35- *Final* 1/2

146 10 2
                                    

Doruk gece saat 2 den beri ameliyattaydı ve benim elimden yine hiç bir şey gelmiyordu. 

Çaresizlikten nefret ediyorum. Şuanda herşeyden çok sevdiğim adamı soğuk bir sedyeye yatırmış beynini deşiyorlardı ve ben burada sadece onu bekliyordum. Elimden sadece beklemek geliyordu. Neden? Neden sadece bekliyordum. Elini tutmak istiyordum. Bırakmamak . Onun yanında hızlı atan kalbimi istiyordum. Ona her sarılışımda kalbindeki ritmi dinlemek yine boyum tam yetmediği için parmak uçlarımda yükselip kafamı boynuna yaslamak istiyordum. 

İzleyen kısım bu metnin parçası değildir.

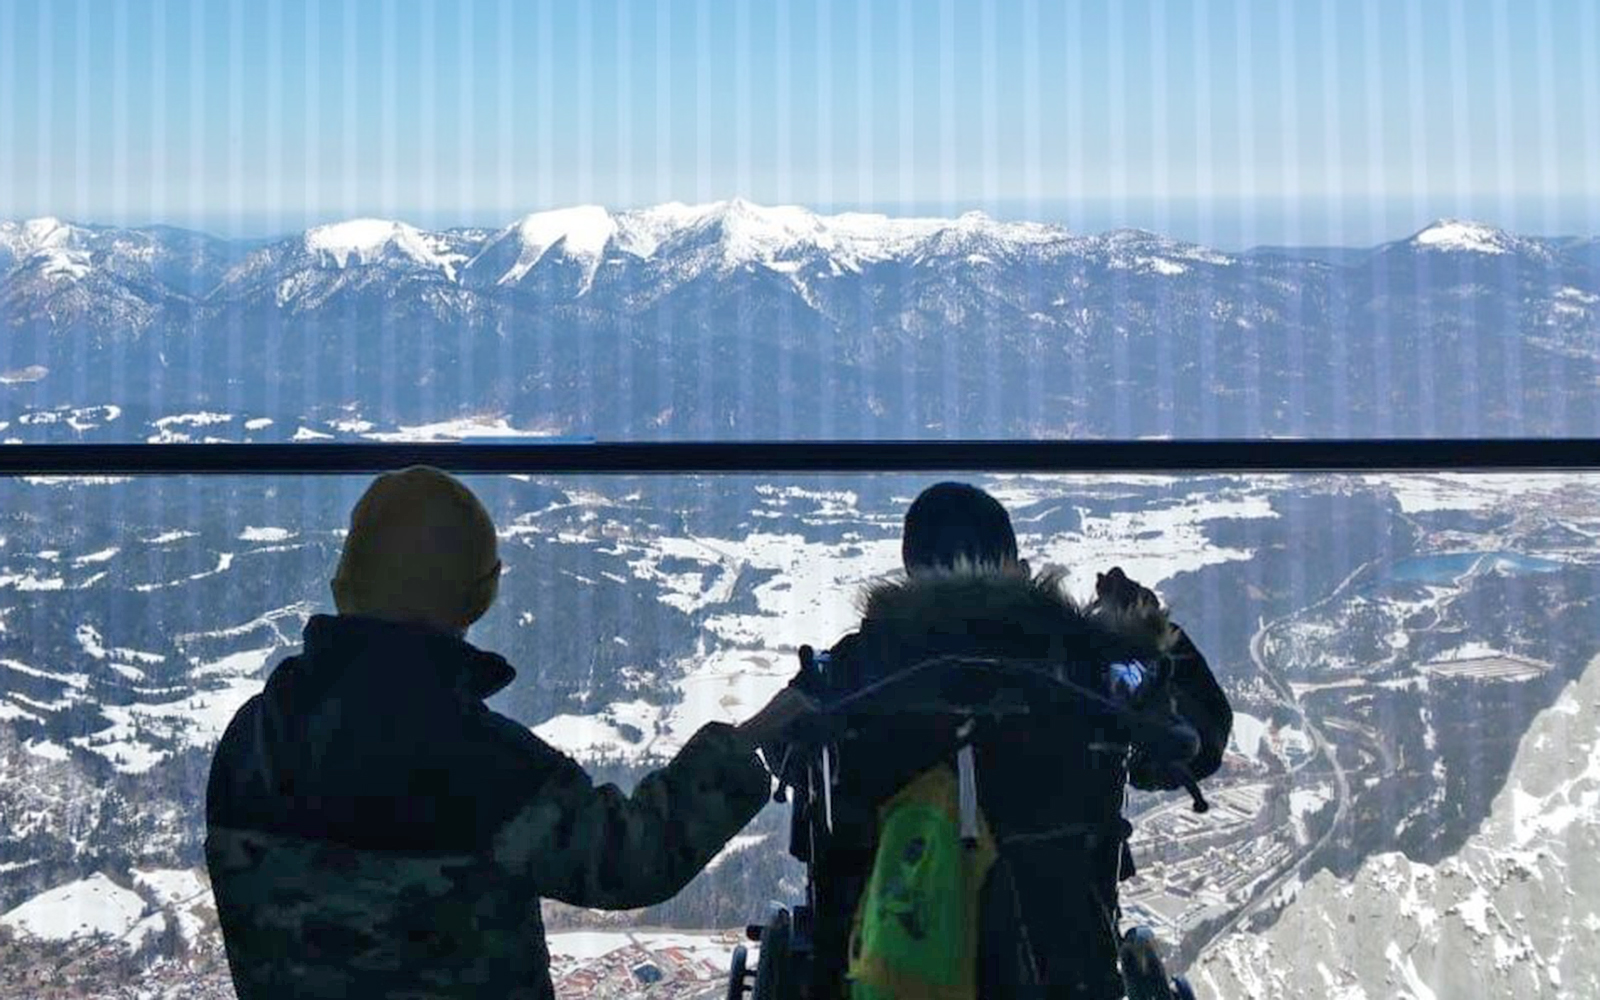 Zwei Personen, wurden von hinten fotografiert, als sie an einer Scheibe eines Ausblickpunktes auf einem Berg stehen. Vor den Personen erstreckt sich eine weite Landschaft, an dessen hinterem Ende hohe Berge aufragen.

 Gözleri yine kapanmıştı artık buna dayanabileceğimi sanmıyordum . Dikişlerim hala acıyordu fakat kalbim kadar değil . Çektiğim acının haddi hesabı yoktu . Bu zamana kadar dayanmıştım ama bundan sonra olmuyordu . Nefes bile alamıyordum . Zorlanıyorum . Onsuz kalıcağımı düşünmek bile beni bu hale getirirken onsuz kalınca ne hale geleceğim hakkında bi fikrim yoktu . Durumum kötüydü . Çok kötü . Aldığım nefesler dahada hızlanırken alnımdan akan terler ve o şuan ki korkum beni daha da zor duruma getiriyordu . Düzenli nefes almaya çalışıyordum . Olmuyordu . Olmayacaktı işte .  

Saat sabahın 4'ü. Sen yatıyorsun. Ben ağlıyorum.

Hala uyanmıyordu. Doktor herşeyin kötüye gittiğini kanserin vücudundan alınmasına rağmen geç kalındığı için beyne de sıçradığını söyledi. Nasıl oluyordu? Nasıl olurdu? Neden hiç tedavi görmek istemedi. Oysa ki anılarımız vardı. Çocuklarımız olucaktı. Kızımızın ismi Esila oğlumuzun adı Ege olucaktı. Birbirlerine kardeşten öte olucaklardı. Belkide gelecekte bizim gibi bir aşk yaşayıp onlarda yeşericekti. Ama olmuyordu. Herkes geç kaldığımızı söyleyip herşeye hazırlıklı olmamızı söylüyordu. 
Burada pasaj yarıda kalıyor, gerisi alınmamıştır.